Search anything:

Pancreas Segmentation using Attention U-Net [with code]

Binary Tree book by OpenGenus

Open-Source Internship opportunity by OpenGenus for programmers. Apply now.

In this article, we are going to walk through a smart way to reduce the computation power needed for an biomedical image analysis which is attention and its use in computer vision tasks. We solve the problem of Pancreas Segmentation using Attention U-Net and implement it in Python using TensorFlow.
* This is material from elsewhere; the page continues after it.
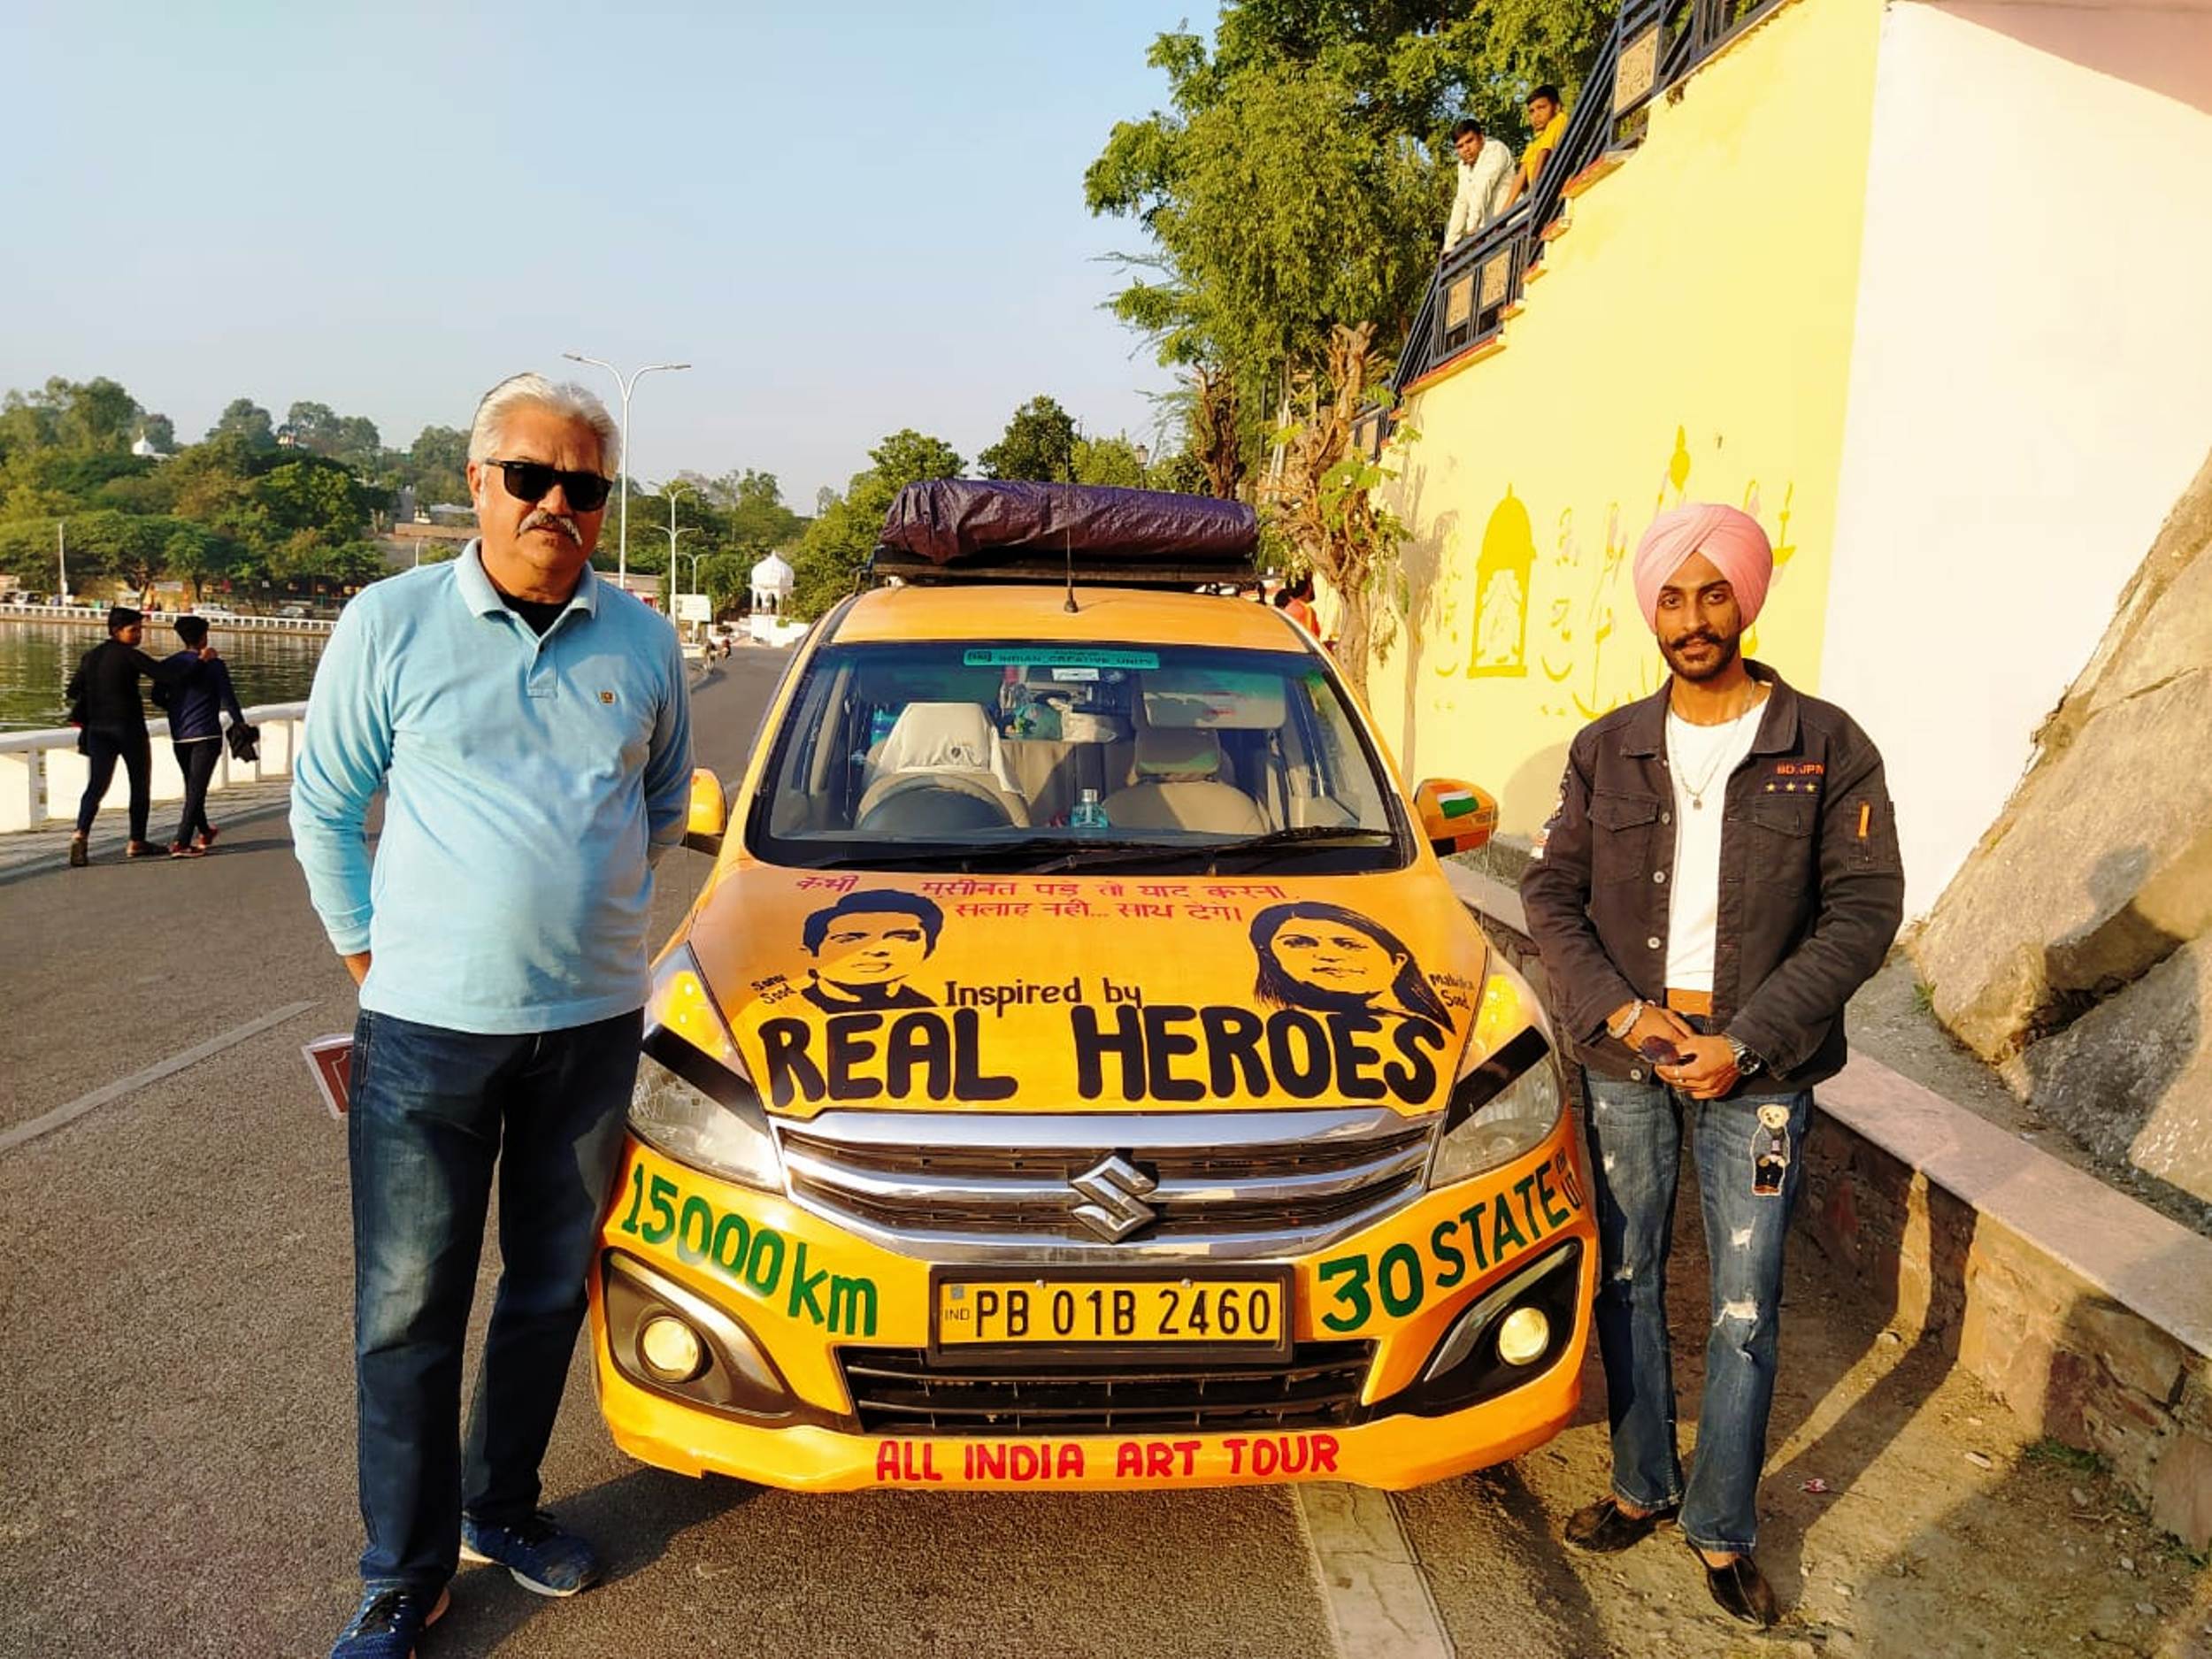 Dr. Baljinder reached Udaipur to deliver the message of art conservation

This is a strong project for Deep Learning portfolio.

Table of contents:

  1. Introduction and problem statement
  2. What is attention?
  3. How we modify the basic U-Net model?
  4. Methodology
    • Attention Gates in U-Net Model
  5. Datasets used
  6. Results
  7. Code for Attention U-net

Introduction and problem statement

Pancreas is an organ in human body near the abdomen which produce enzymes to help with digestion and produce enzymes to control the amount of sugar in your blood. There are several problems with pancreas which need to be treated and Deep Learning can help with the process.
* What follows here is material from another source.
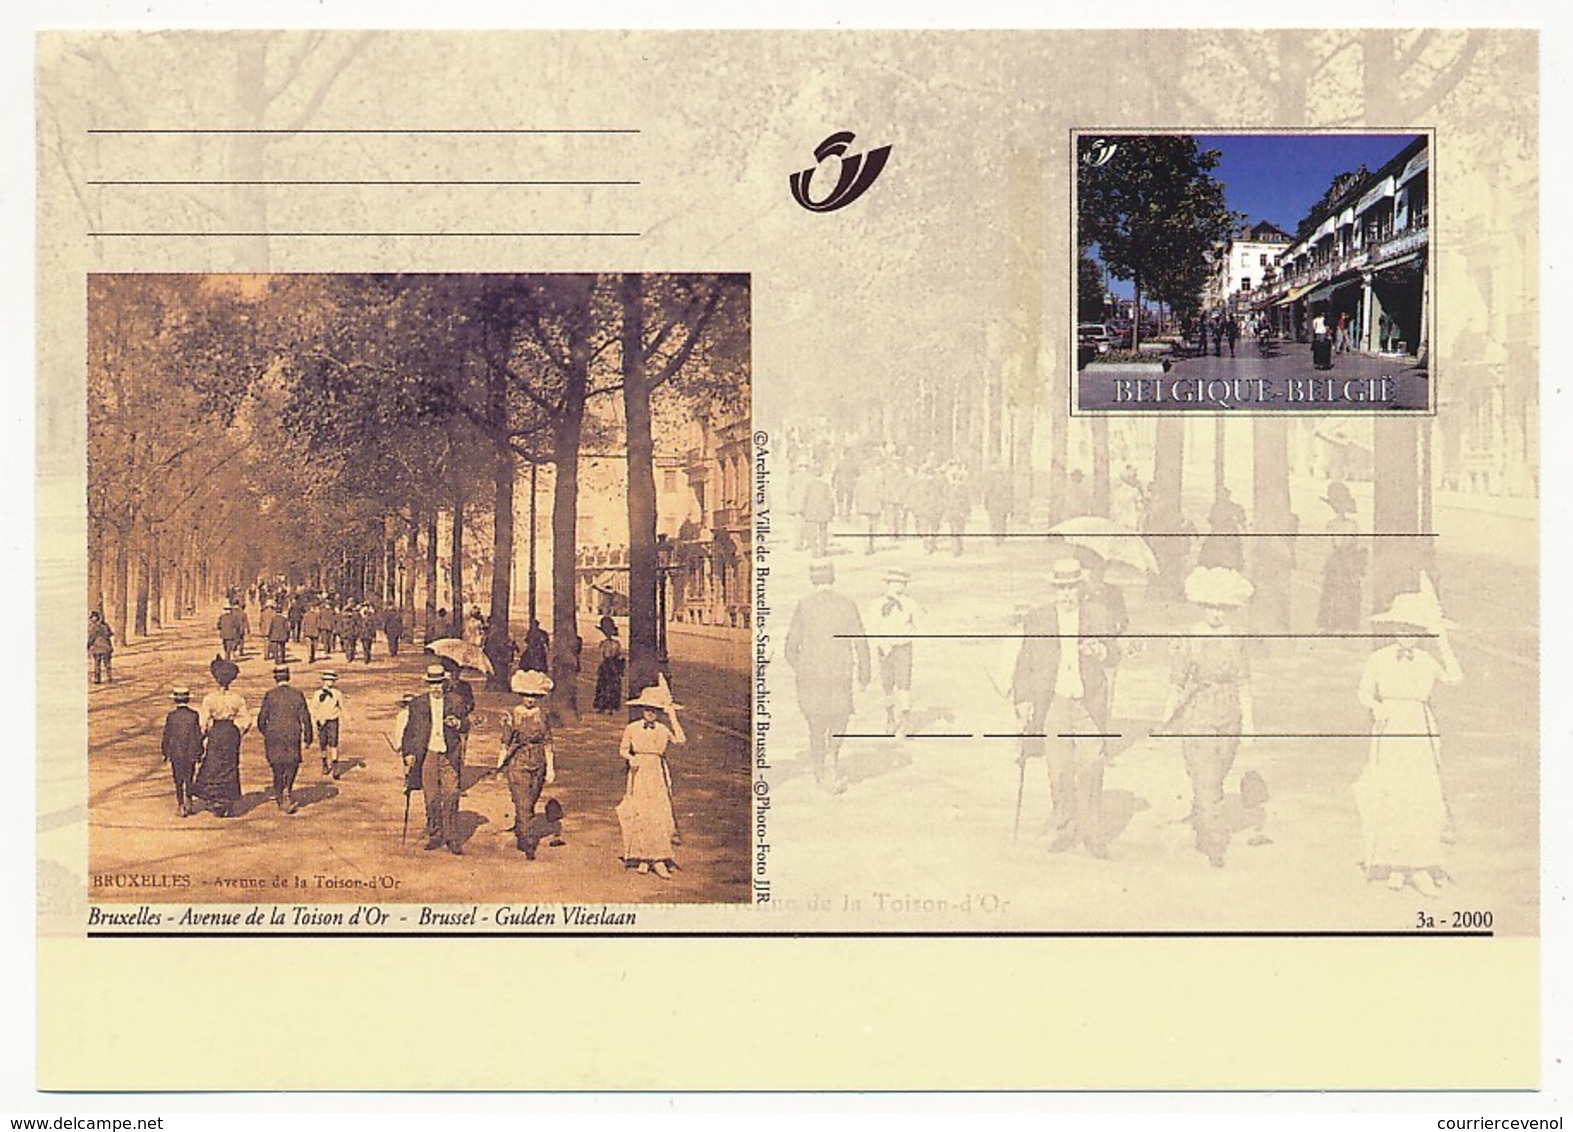 BELGIQUE => Lot de 32 cartes différentes, entiers postaux illustrés commémoratifs, neufs

Pancreas Segmentation is the process of segmentation that is identifying the exact location and boundary of pancreas in an abdomen scan. Such scans can be unclear and difficult to accurately identify exact structure of pancreas. The exact structure is important to identify abnormal growth and do correct treatment.

Nowadays, image segmentation technique achieve a very good results specially in medical images field and in the same time manual labeling of large amounts of medical images is a tedious and error-prone task. So the growing need to fast and accurate techniques is to increase clinical work flow efficiency and decrease the time for it.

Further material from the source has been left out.